思ったことをつらつらと 三十路真っ只中主婦のエッセイ 

舐めるような視線を体感したあの日

夫と結婚し、初めて夫の伯母にあたる親戚のお家にご挨拶に伺ったときだった。

 

まず度肝を抜かれたのは、聞き取れない方言であった。

伯父の放つ言葉のほとんどが理解出来ないのだ。

嘘だろ?ここ、日本だぜ?

 

わたしは生まれも育ちも大宮で、さして方言とは関わりなく生きてきた。

そのわたしにとって聞き取れない程の方言というのは結構なカルチャーショックで、軽くパニックになったことを覚えている。最初が肝心、舐められてはいけないと身構えていたのに、意味不明な愛想笑いを連発してしまったのだ。

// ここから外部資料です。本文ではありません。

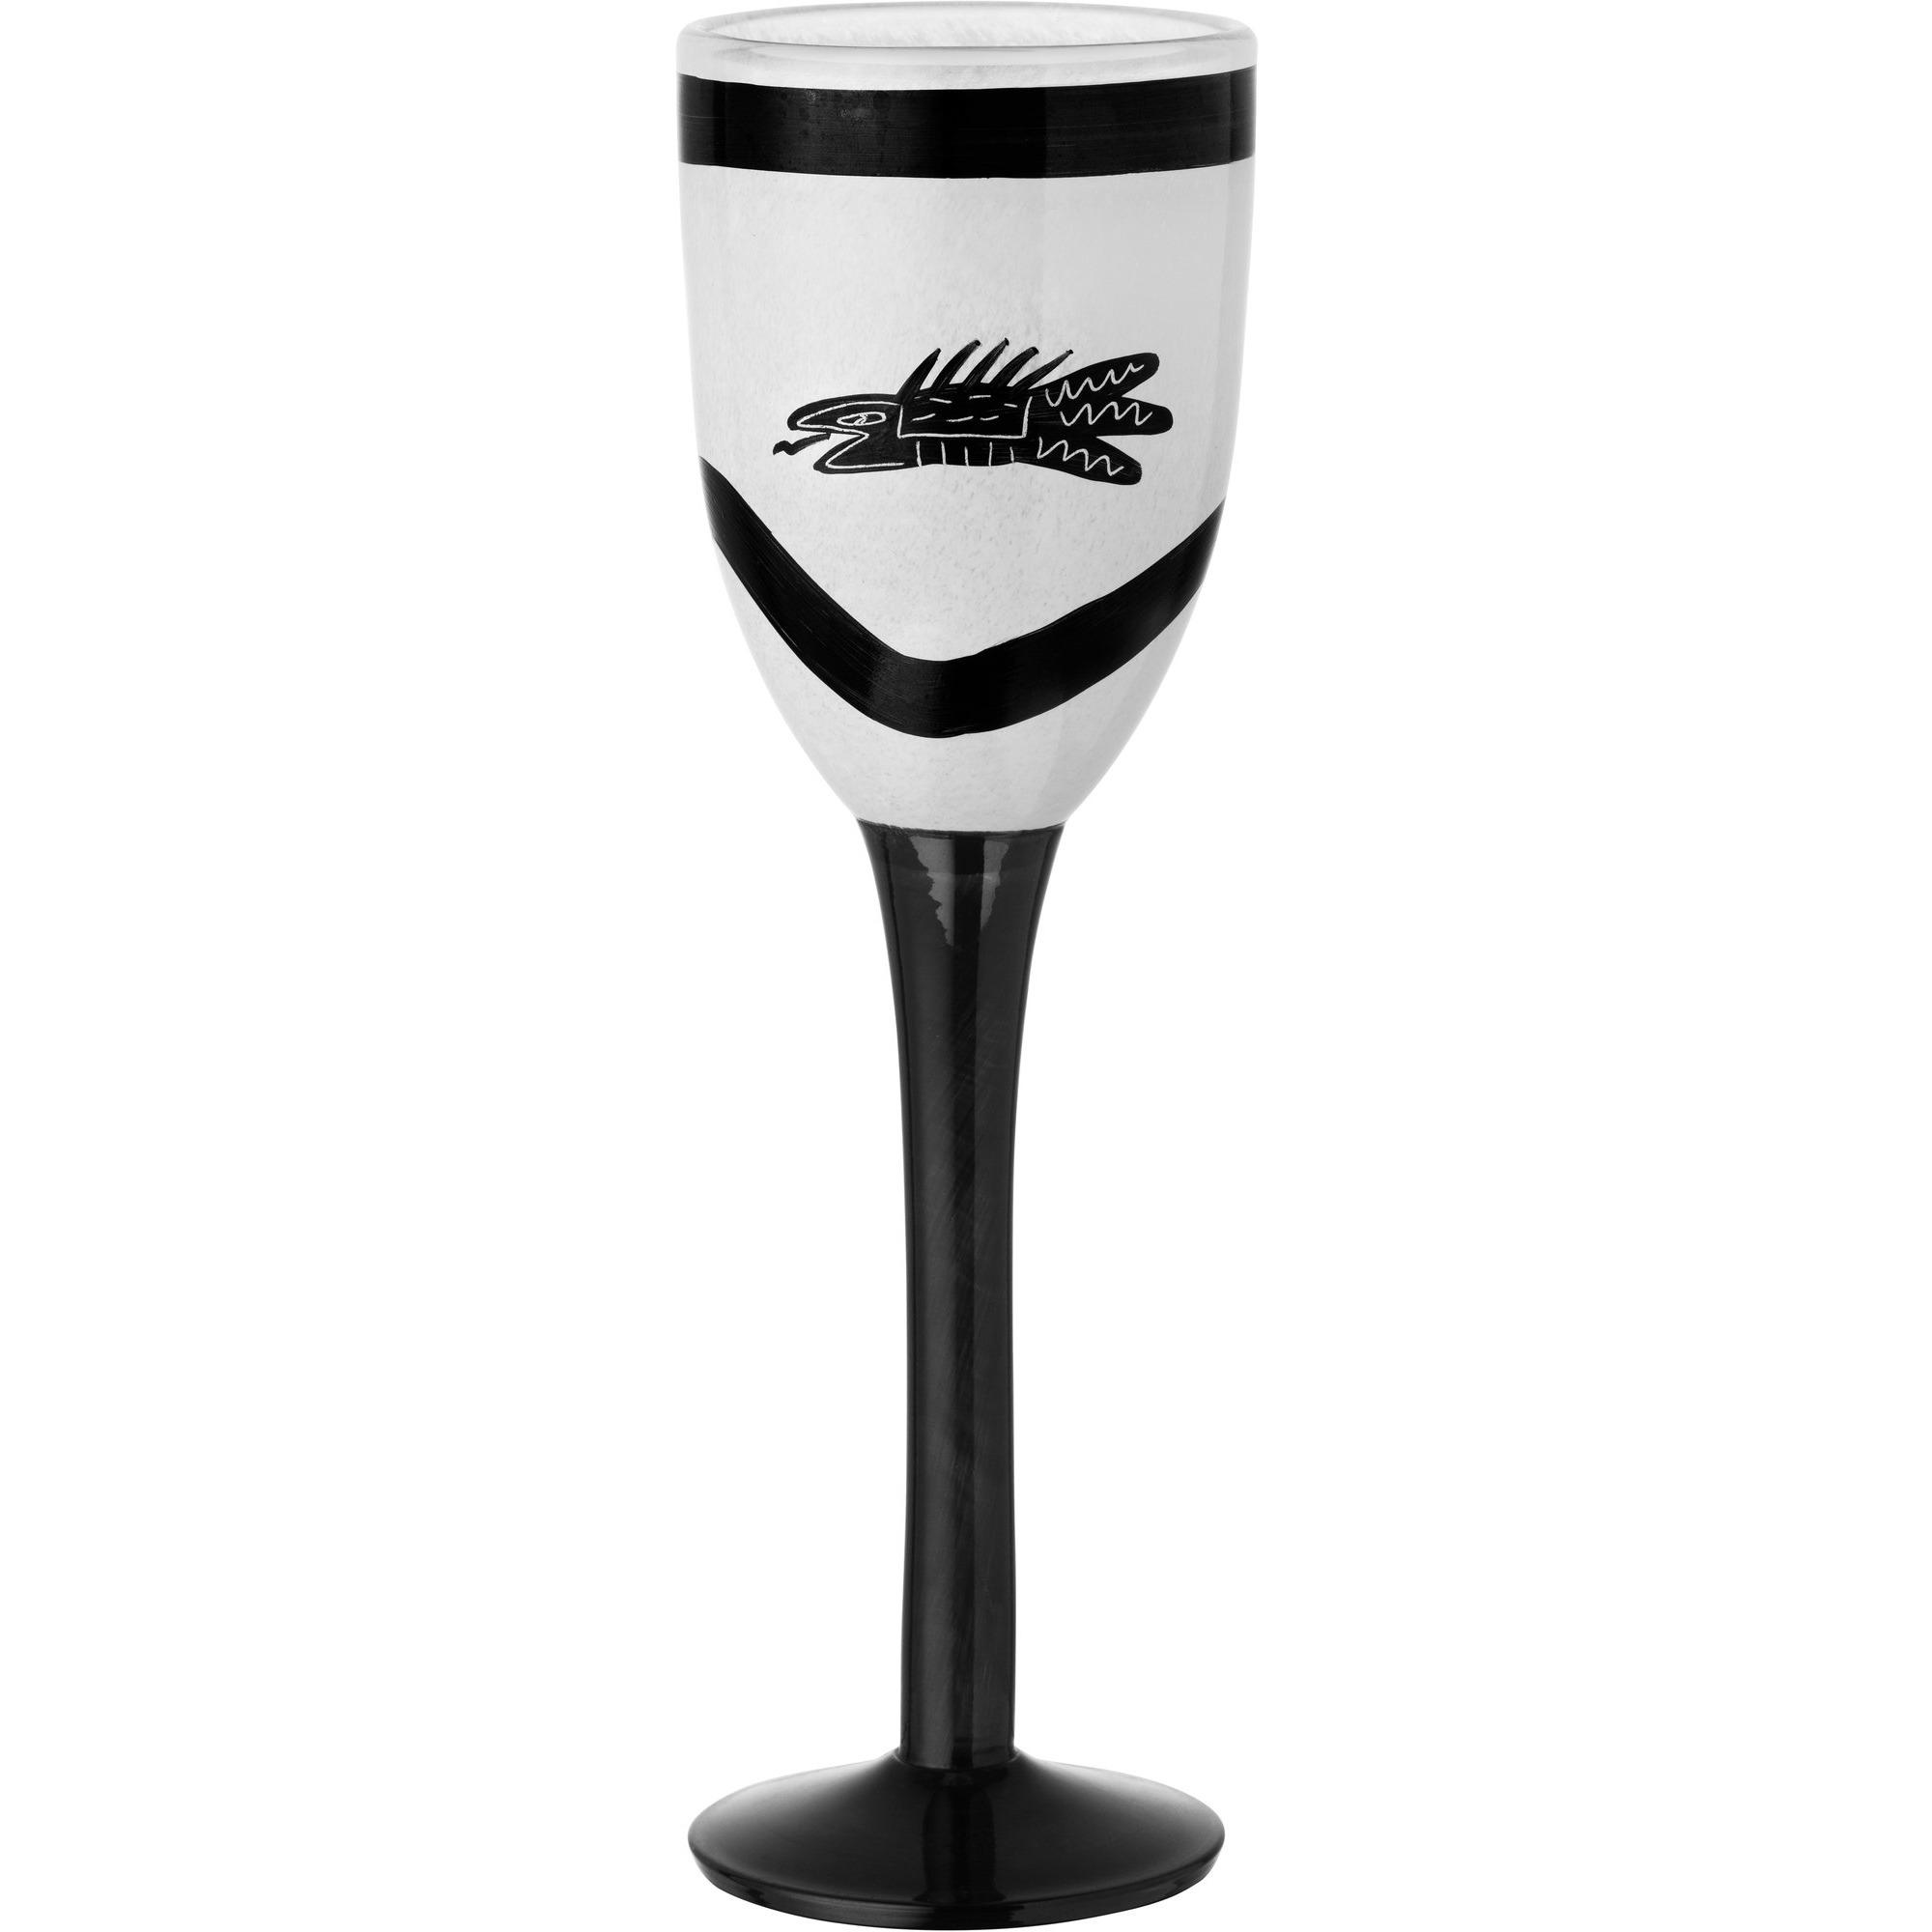 Kosta Boda Pokal Caramba 25 cm

不覚、あまりにも不覚。

 

そして追い討ちをかけるような伯母からの質問攻めに合う。

否、あれはもはや尋問といっても過言ではない。

極め付けがあの視線である。下から上へ、言葉の通り舐めるような視線がまとわりついてきたのだ。

 

品定めだ、品定めされている...!

 

ドラマで見たことのあるあの恐ろしい視線、演技以外で本当に送ってくる人がいたとは...!口元には笑みを携えているが、目は笑っていない。恐ろしい、まさに蛇に睨まれた蛙状態である。

 

あれは貴重な体験だった。

結婚というのは本当に家と家の繋がりなんだなと、挨拶回りに行って思った。

本人同士が良くてもだめなことって結構出てくるものなのね。

しがらみなく平穏に暮らしていきたい今日この頃である。